» **How to complete this task**: The full data, repeated exactly, is the only answer needed.

___ Records for processing ___

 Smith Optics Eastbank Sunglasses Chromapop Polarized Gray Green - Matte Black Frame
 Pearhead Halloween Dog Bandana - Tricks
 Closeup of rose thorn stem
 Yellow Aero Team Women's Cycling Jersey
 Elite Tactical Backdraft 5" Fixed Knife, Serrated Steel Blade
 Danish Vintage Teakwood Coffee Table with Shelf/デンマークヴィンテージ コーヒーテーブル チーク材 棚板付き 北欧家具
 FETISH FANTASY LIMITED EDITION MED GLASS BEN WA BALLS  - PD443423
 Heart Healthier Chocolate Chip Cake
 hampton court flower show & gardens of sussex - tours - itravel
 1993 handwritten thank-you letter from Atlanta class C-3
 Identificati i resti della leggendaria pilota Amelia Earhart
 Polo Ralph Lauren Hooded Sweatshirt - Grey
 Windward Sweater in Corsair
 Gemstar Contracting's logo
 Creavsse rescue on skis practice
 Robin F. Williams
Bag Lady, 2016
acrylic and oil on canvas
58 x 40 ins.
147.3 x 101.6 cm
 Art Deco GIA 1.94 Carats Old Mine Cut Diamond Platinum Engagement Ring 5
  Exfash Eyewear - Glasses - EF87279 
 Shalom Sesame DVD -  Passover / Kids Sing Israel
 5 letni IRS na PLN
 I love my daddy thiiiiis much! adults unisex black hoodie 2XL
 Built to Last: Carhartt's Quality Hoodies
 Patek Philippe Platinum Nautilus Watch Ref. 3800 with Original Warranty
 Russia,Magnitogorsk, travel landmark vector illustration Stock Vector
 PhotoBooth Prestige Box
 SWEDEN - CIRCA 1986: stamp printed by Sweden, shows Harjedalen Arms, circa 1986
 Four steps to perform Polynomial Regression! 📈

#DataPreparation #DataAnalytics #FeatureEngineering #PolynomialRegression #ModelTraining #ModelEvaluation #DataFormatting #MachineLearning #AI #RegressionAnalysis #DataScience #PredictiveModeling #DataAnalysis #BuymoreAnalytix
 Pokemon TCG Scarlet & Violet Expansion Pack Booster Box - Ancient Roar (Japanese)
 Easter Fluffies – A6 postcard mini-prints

___

» **Answer to this exercise**:
 Smith Optics Eastbank Sunglasses Chromapop Polarized Gray Green - Matte Black Frame
 Pearhead Halloween Dog Bandana - Tricks
 Closeup of rose thorn stem
 Yellow Aero Team Women's Cycling Jersey
 Elite Tactical Backdraft 5" Fixed Knife, Serrated Steel Blade
 Danish Vintage Teakwood Coffee Table with Shelf/デンマークヴィンテージ コーヒーテーブル チーク材 棚板付き 北欧家具
 FETISH FANTASY LIMITED EDITION MED GLASS BEN WA BALLS  - PD443423
 Heart Healthier Chocolate Chip Cake
 hampton court flower show & gardens of sussex - tours - itravel
 1993 handwritten thank-you letter from Atlanta class C-3
 Identificati i resti della leggendaria pilota Amelia Earhart
 Polo Ralph Lauren Hooded Sweatshirt - Grey
 Windward Sweater in Corsair
 Gemstar Contracting's logo
 Creavsse rescue on skis practice
 Robin F. Williams
Bag Lady, 2016
acrylic and oil on canvas
58 x 40 ins.
147.3 x 101.6 cm
 Art Deco GIA 1.94 Carats Old Mine Cut Diamond Platinum Engagement Ring 5
  Exfash Eyewear - Glasses - EF87279 
 Shalom Sesame DVD -  Passover / Kids Sing Israel
 5 letni IRS na PLN
 I love my daddy thiiiiis much! adults unisex black hoodie 2XL
 Built to Last: Carhartt's Quality Hoodies
 Patek Philippe Platinum Nautilus Watch Ref. 3800 with Original Warranty
 Russia,Magnitogorsk, travel landmark vector illustration Stock Vector
 PhotoBooth Prestige Box
 SWEDEN - CIRCA 1986: stamp printed by Sweden, shows Harjedalen Arms, circa 1986
 Four steps to perform Polynomial Regression! 📈

#DataPreparation #DataAnalytics #FeatureEngineering #PolynomialRegression #ModelTraining #ModelEvaluation #DataFormatting #MachineLearning #AI #RegressionAnalysis #DataScience #PredictiveModeling #DataAnalysis #BuymoreAnalytix
 Pokemon TCG Scarlet & Violet Expansion Pack Booster Box - Ancient Roar (Japanese)
 Easter Fluffies – A6 postcard mini-prints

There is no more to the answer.